I couldn’t more strongly disagree with that take. Simply not knowing how to address a problem-as an individual-that has been articulated as one in need of solutions is emphatically not the equivalent of taking the position that nothing be done at all or that involved parties abdicate the search for said solutions.
That’s terrible form. I’m sorry. No.
But to your point yes I did propose a similarly frameworked agency like the CFPB, but I’ll also offer that in another comment I had my mind changed on the affair after further discussion with another commenter here about policies already established and powers delegated to already existing Federal agencies.
In reality, we can never know the full impacts of new legislation until it's released into the wild. You said yourself that "legislate first, fix later" makes you incredulous because you feel it is never fixed later.
I am suggesting that the perfect bill which requires no future fixes is non-existent. Thus, advocating for this solution is the equivalent of advocating for nothing. Just as building a product and showing it to nobody is functionally the same as not building a product from the rest-of-the-world's perspective.

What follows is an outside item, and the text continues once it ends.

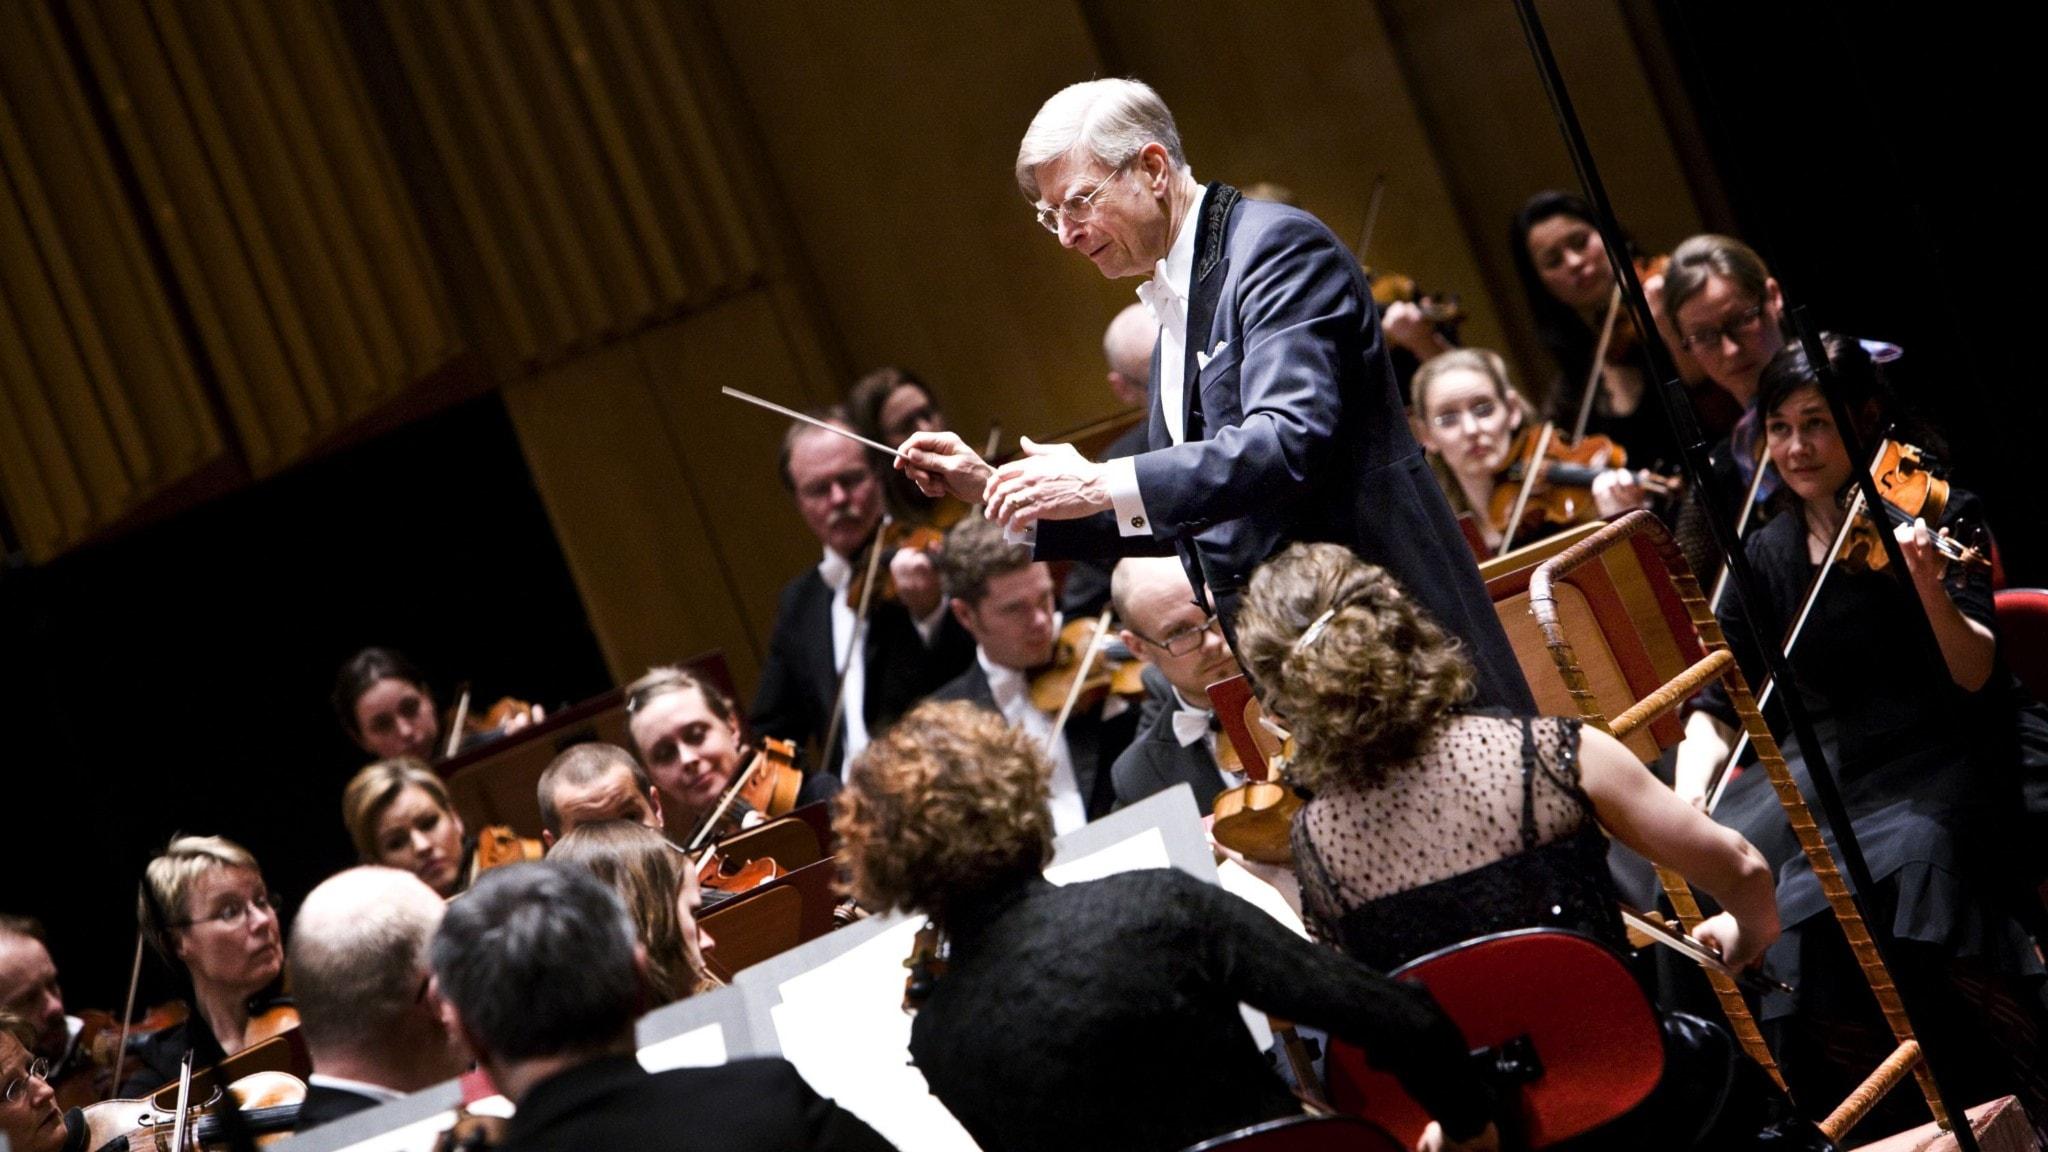 Bild: Herbert Blomstedt leder Radiosymfonikerna genom Beethovens Missa solemnis!

You said yourself that "legislate first, fix later" makes you incredulous because you feel it is never fixed later.
Yes. But again, I've already conceded and abandoned this argument after being shown what I thought was good, well crafted policy with definitions, provisions and executions that I am willing to support in the context of this discussion. I happen to believe that all other things being established, context is important. Therefore I don't see the point in trying to refute your assertion of what I've said there, I did take that position, but I've since abandoned it, and conceded the point to a much better position than the one I had previously, therefore what I said earlier about "legislate first, fix later" holds no further relevance to this debate on policy, at least not IMO[1]
I am suggesting that the perfect bill which requires no future fixes is non-existent. Thus, advocating for this solution is the equivalent of advocating for nothing.
You still seem to be arguing against a position of "pass a perfect bill or no bill at all" that no one has made, and has not presented itself in the discussion, so to that note I'm not really sure how to respond.
[1] caveat lector:
That being said, I do have strong opinions at large about incrementalism in policy design, but that's for another time and probably another forum.